There are people in the energy field who believe our energy costs - electricity and gas - are far too high and that stricter regulation of these sectors is necessary. There is a €40 million subsidy in the case of peat and the same in the case of wind energy. These sectors have captured their regulators and operate outside the realm of competition policy which we need so badly. There was an interesting remark made by the Minister for Finance in the Dáil that the professions in Ireland had a rule that dog did not eat dog, but it is about time the taxpayer got a bite. We need to open up all of these areas to competition.

That is the purpose of my amendment, that we use, as the Competitiveness Council states, this opportunity when we are trying to help the economy out of the difficulties it experienced between 2008 and 2010, of which improving our competitiveness is part. The general view when the Minister and the Minister of State were here to take Second and Committee Stages was that they were not being radical enough. The Competition Authority issued only one summons and four warrants in 2011. It does not reassure customers that it is acting on their behalf and does not scare the cartels. This should be an all-government approach which would lead to huge benefits for the economy, some of which I will outline.

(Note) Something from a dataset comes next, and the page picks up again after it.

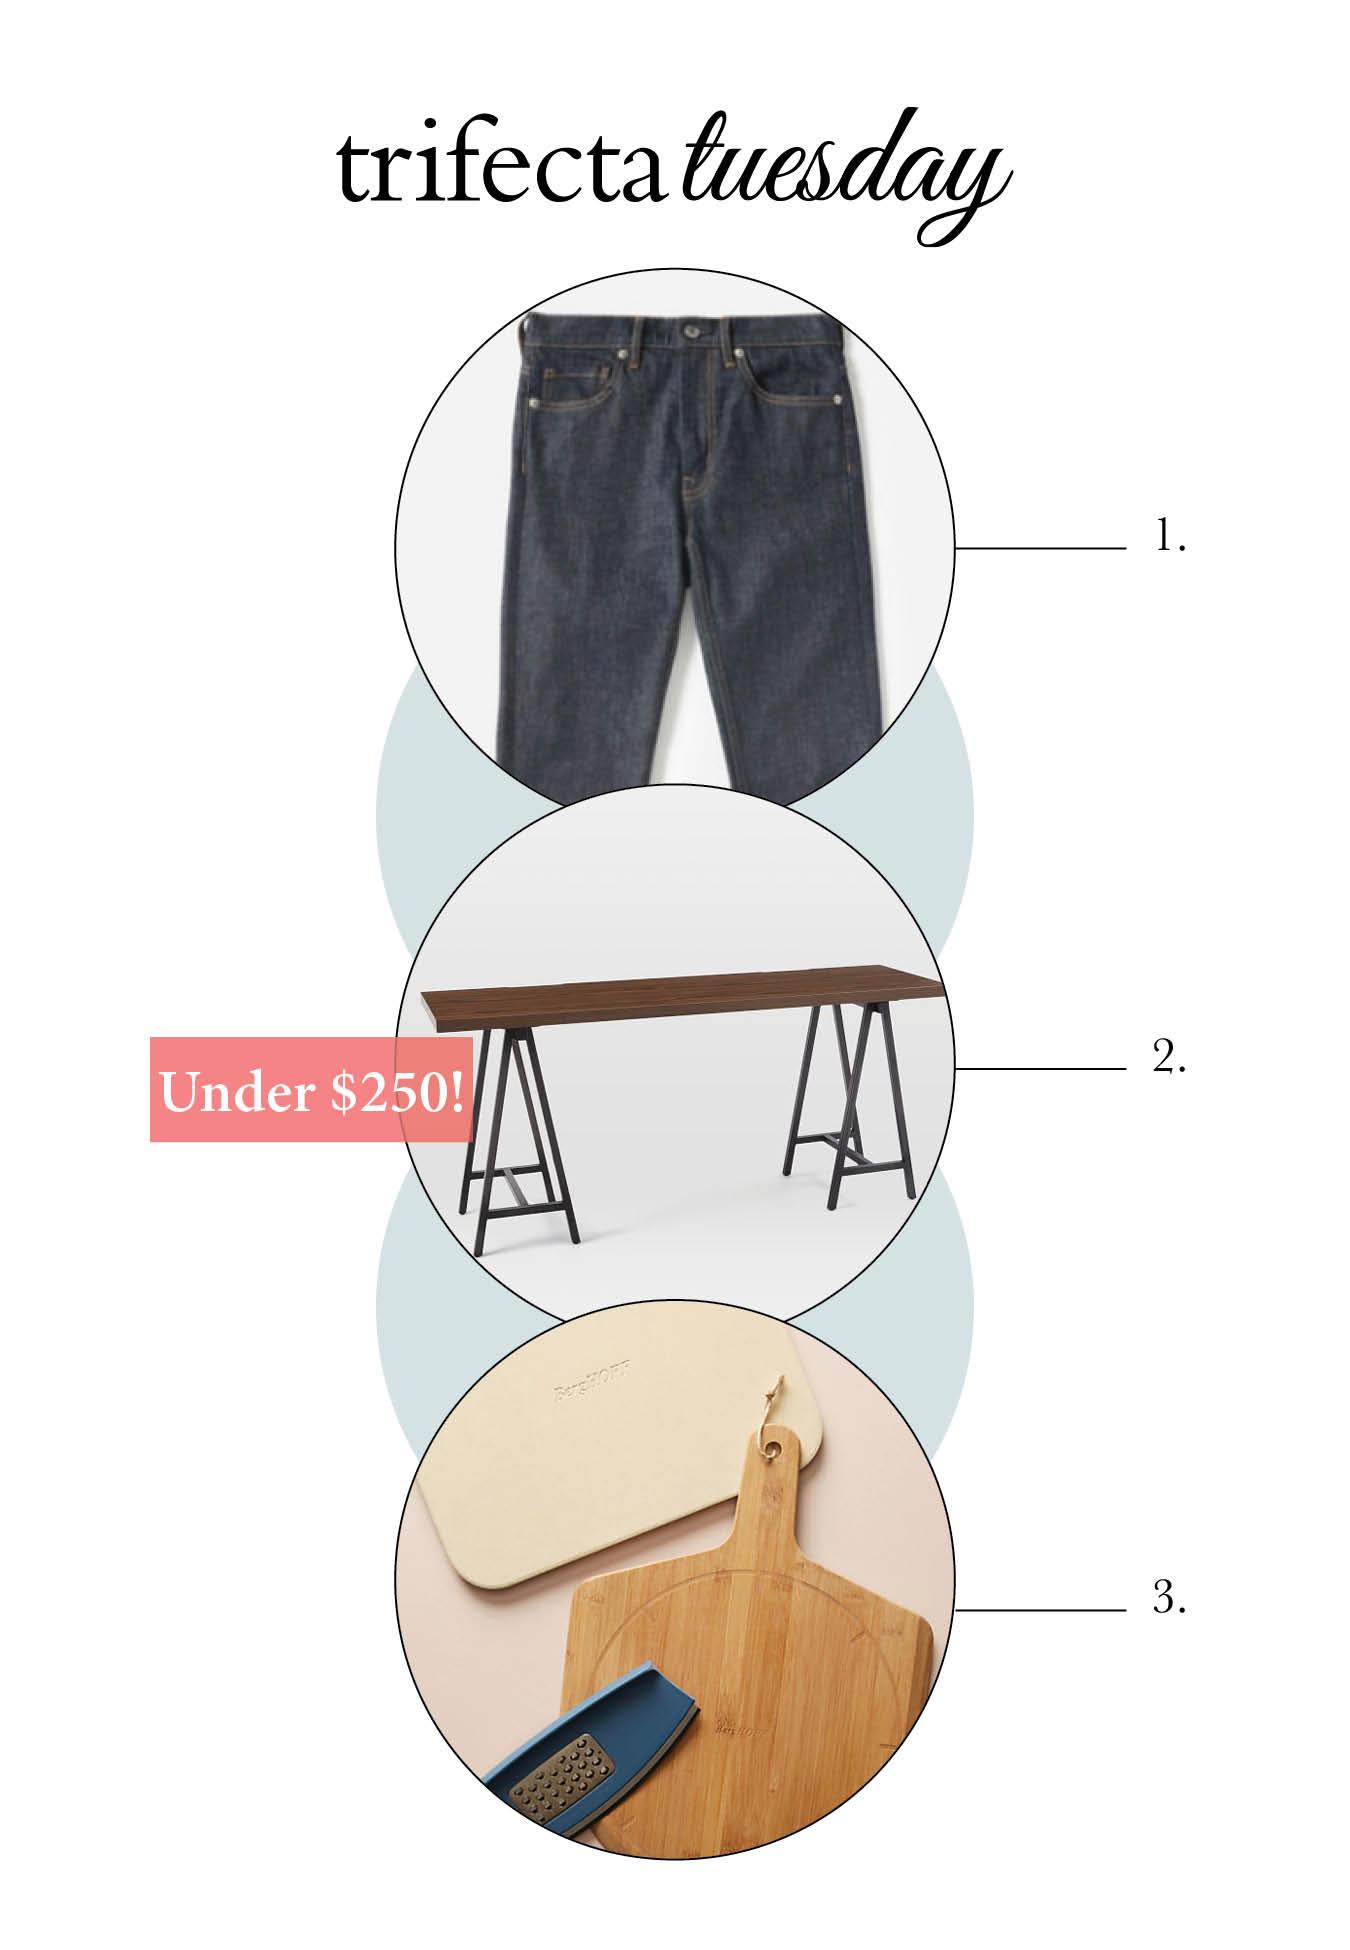 Skinny jeans, desk, pizza set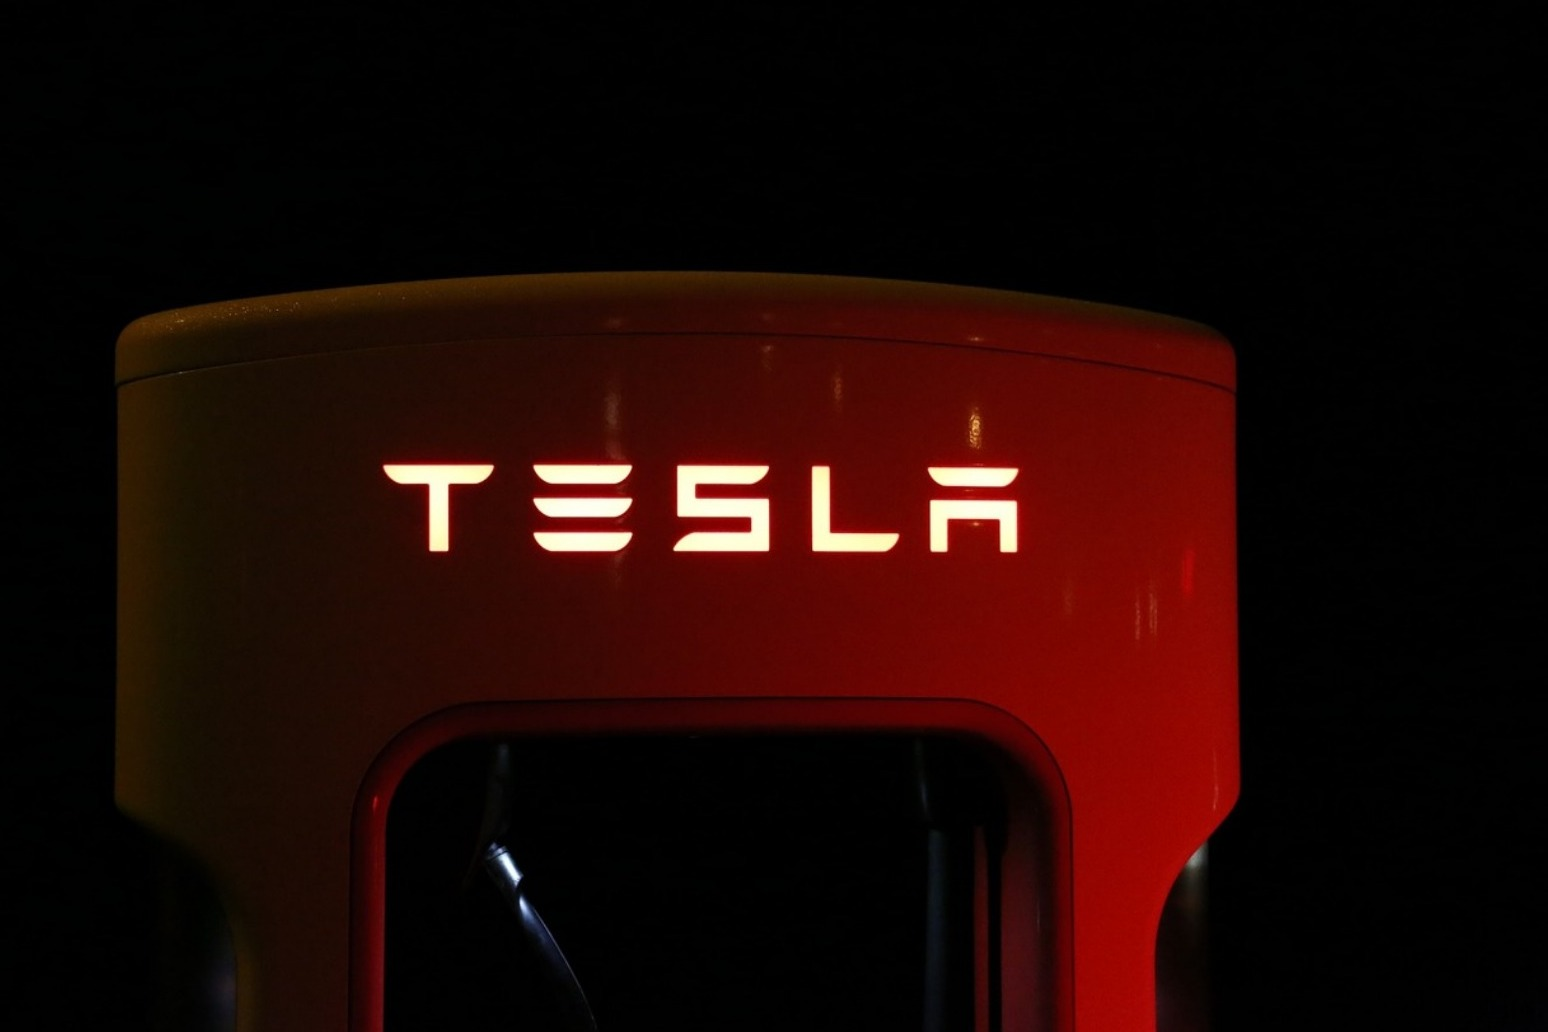 Tesla taking orders for its Model 3 car

The Milliman report shows the high costs of VHI do not stem from the fact that it insures a lot of old people but from the fact that it keeps them in hospital for 11.6 days for treatment that should take 3.7 days to complete. The last time he was in the House the Minister quoted Adam Smith. One of his quotations was that monopolists produced too little, charged too much and greatly increased their emoluments as a result. Substantial benefits would derive from competing health insurance companies reducing the costs of hospitalisation, for instance, as it would have a cross-over benefit to the public sector. It took a parliamentary revolt and subsequent policy changes by the late Jim Mitchell and Garret FitzGerald to open up the aviation sector. Many of us will recall a time when it cost more than £200 to travel from Dublin to London, with one airline carrying 2 million passengers on that route annually. This year, Aer Lingus and Ryanair will carry 90 million passengers between them. That increased competition and enhanced service has allowed us to develop our tourism industry. These are the contingent benefits of competition. If energy costs can be reduced, for example, it will not only benefit householders but also help to stimulate those sectors of the economy which the Minister is trying to promote. We all took note when one of the representatives of the EU-IMF troika observed on a recent visit to the State that the cost of a GP call-out in Brussels is approximately half what it is in Dublin. In that regard, the Minister has received strong support in this House for proposals to open up the General Medical Services, GMS, list to new doctors.

What is proposed in this legislation is merely part of what needs to be done to make ours a truly competitive economy. The Goodbody review and the report of the National Competitiveness Council suggest that a more radical approach is required. The IMF made the same call this morning, if I have interpreted Richard Downes's report correctly. We are behind on the timetable we agreed for promoting a more competitive economy. The purpose of my amendment is to strengthen the Minister's hand and to convey the support in this House for measures that would take on the sheltered sectors in our society. We must make the economy more productive to bring the unemployment level back down from 14.5% to approximately 5%. There are far too many restrictive practices in various sectors which have proven immune to the new economic realities. We must step up to the plate and assume a much more active and interventionist competition policy. Everybody will reap the benefits of such an approach.